/tilli-machine-learning

Machine Learning Code for Tilli

Primary LanguagePython

Machine Learning Model Server

This repository contains code for running a machine learning model server using Docker and Python. The server serves predictions based on a trained logistic regression model. It also includes tests, a client server for manual testing, and additional files needed at runtime.

Instructions

  1. To run the server with the machine learning model, follow these steps:

    • Build the Docker image using the provided Dockerfile docker build -t ml-model-server .
    • Run the Docker container to start the server on port 8080. docker run -p 8080:8080 ml-model-server
  2. The tests are located in the tests folder and are executed via the CI/CD pipeline set up in the test.yml file located in the workflows folder (using GitHub Actions). To add new tests, create a new file in the tests folder and add the relevant test cases. Currently, the file tests/test_server.py is created for testing the server.

  3. To train a new model, create a folder named data and add a JSON file (data_1.json) with the required data. (Note: The file format may be updated in the future.)

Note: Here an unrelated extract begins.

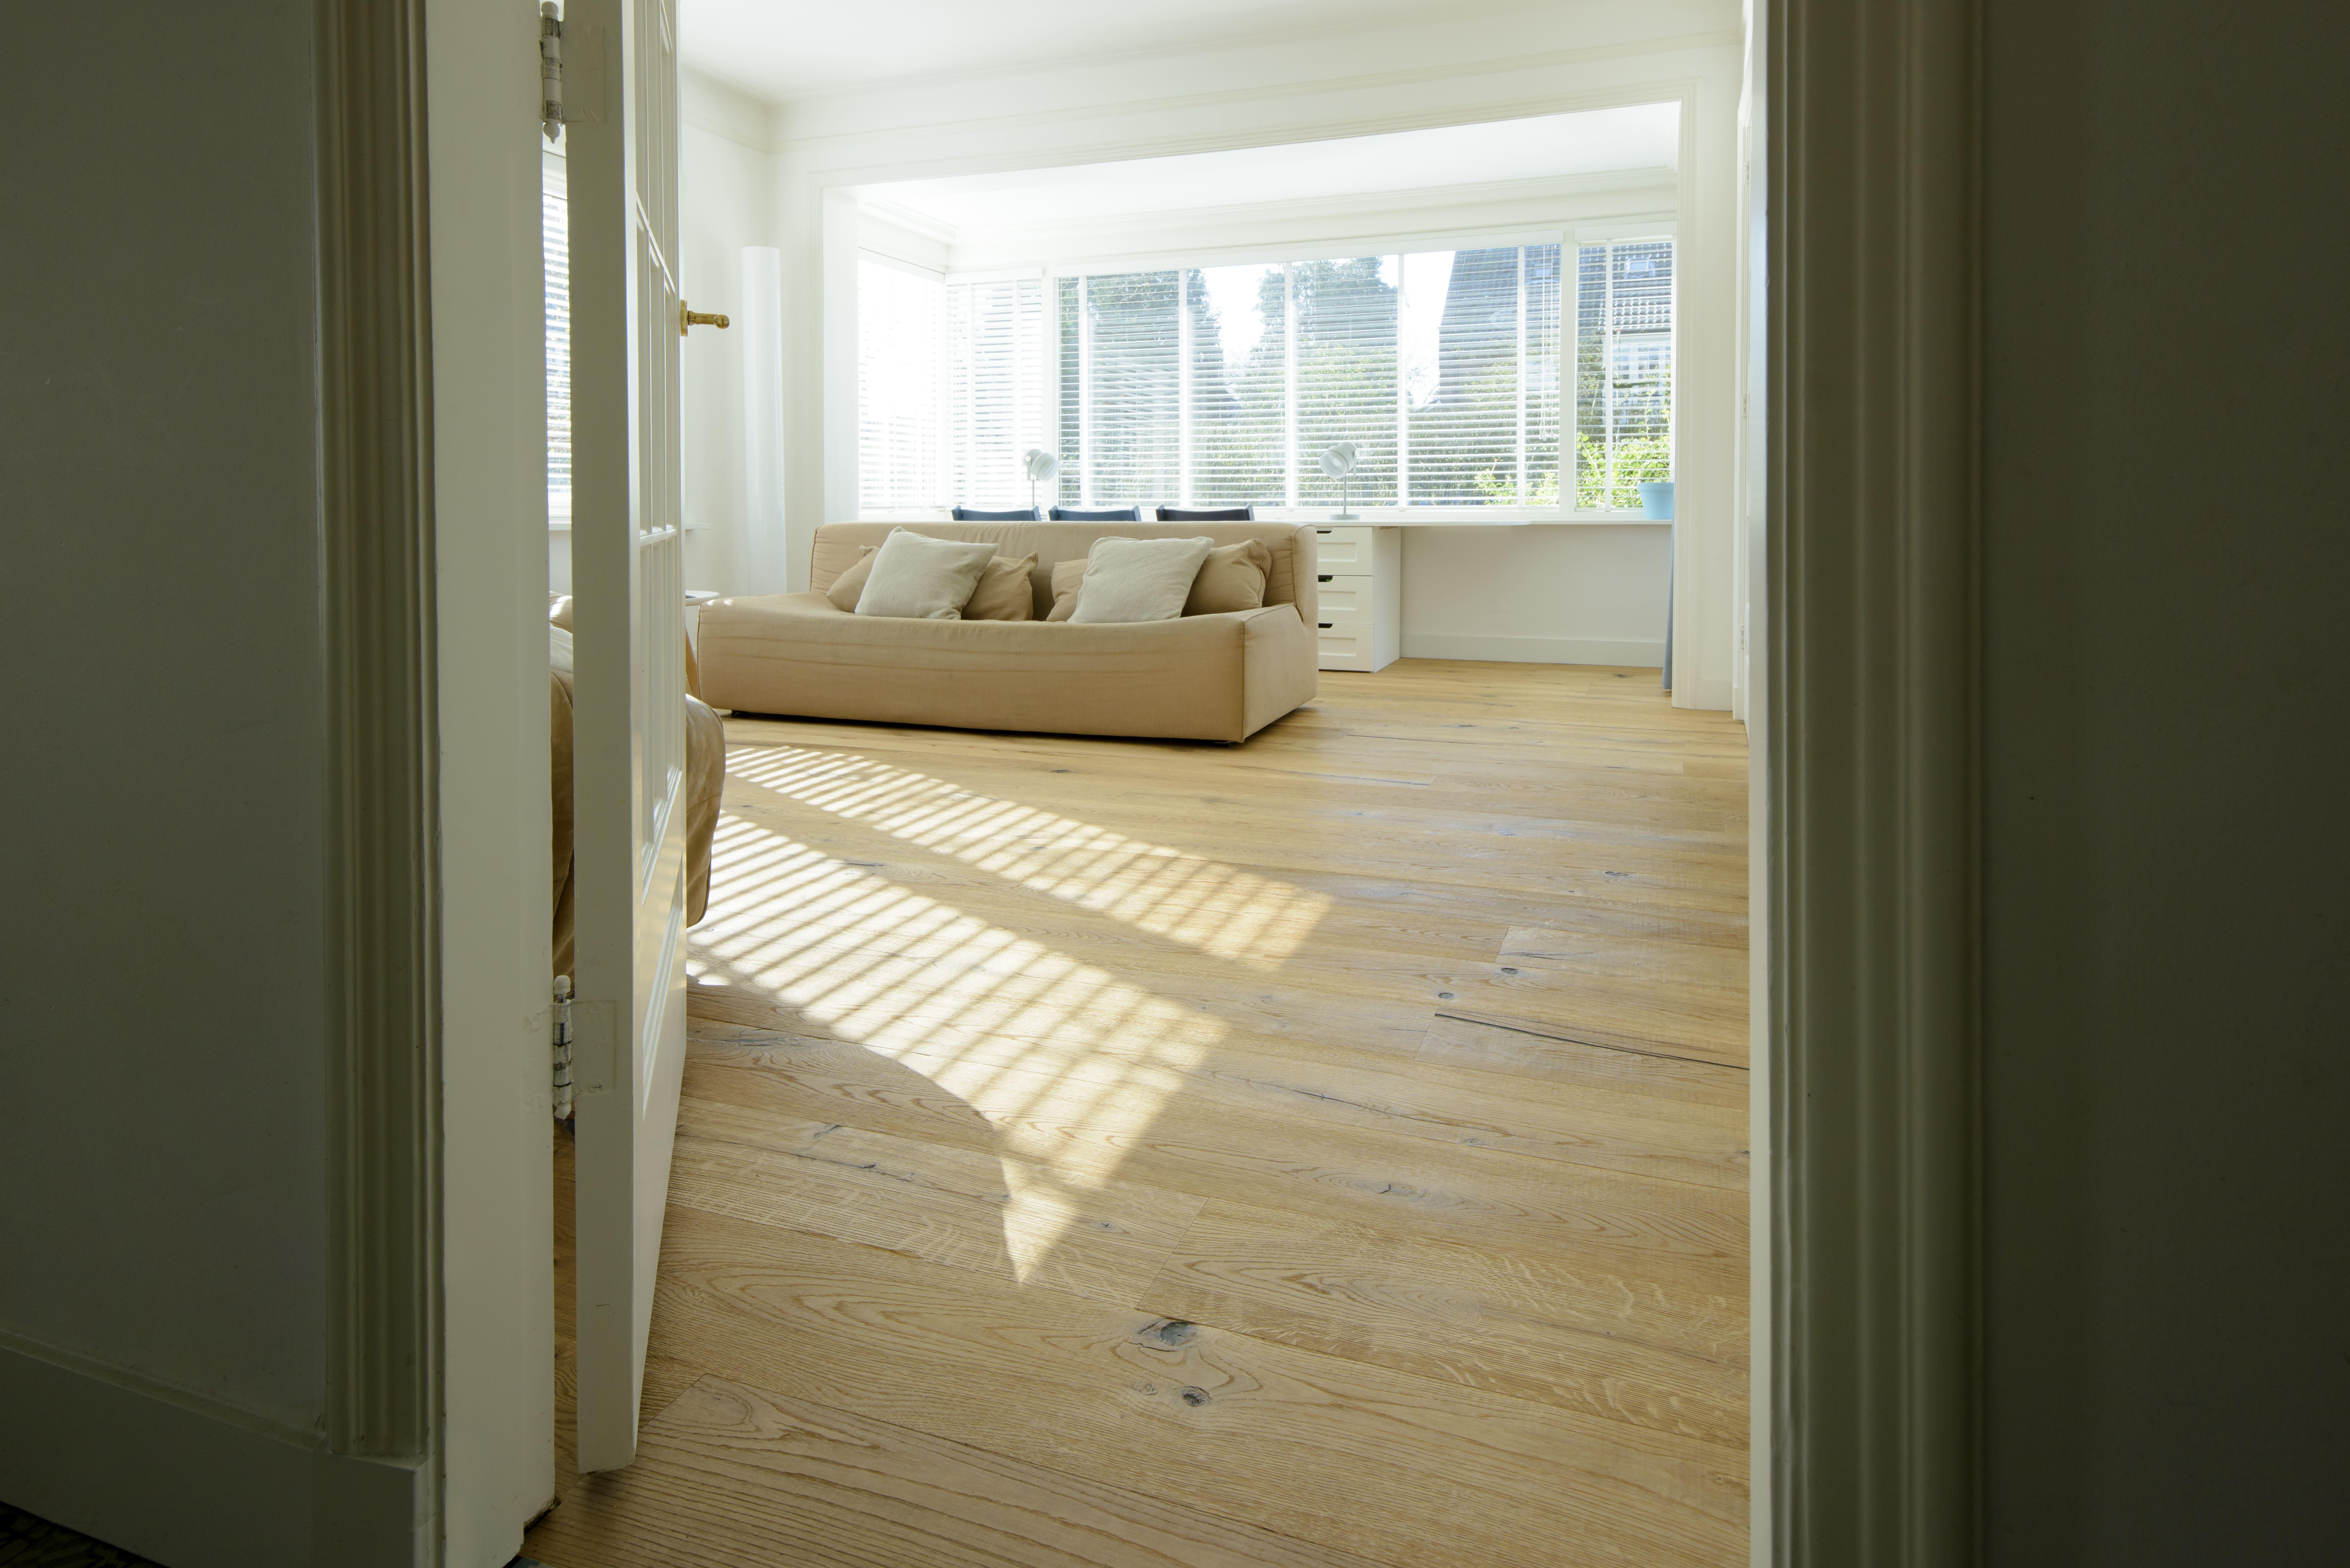 Massief houten vloer, parket met houtnerf

  4. The client/client.py file contains a client server that can be used for manual testing of the server. Modify the url, emotion, and feedback variables to match your server's endpoint and the desired input values.

  5. The models folder contains additional information and files needed at runtime. Currently, the following files are included:

  • logreg_model.joblib: A logistic regression model trained with the data.
  • col_names.pk1: Column names of the original dataset.
  1. The src/model_dev.py file demonstrates the model development process. It includes the following steps:
  • Load the data using the data_etl() function from the src/util.py file.
  • Convert categorical columns to one-hot encoded columns.
  • Separate the input features and target variable.
  • Create and train a logistic regression model.
  • Predict the activity for a given emotion and feedback.
  • Save the trained model and the column names for future use.
  1. Utility functions are stored in the src/util.py file. These functions include:
  • categorical_to_numeric_df(): Converts categorical values to a numeric range.
  • visualize(): Visualizes the spread of user interactions.
  • data_etl(): Loads and preprocesses the data.
  1. The src/model_evaluation.py file is under development and contains code to evaluate the performance of different models.

Feel free to explore the repository and adapt it to your needs.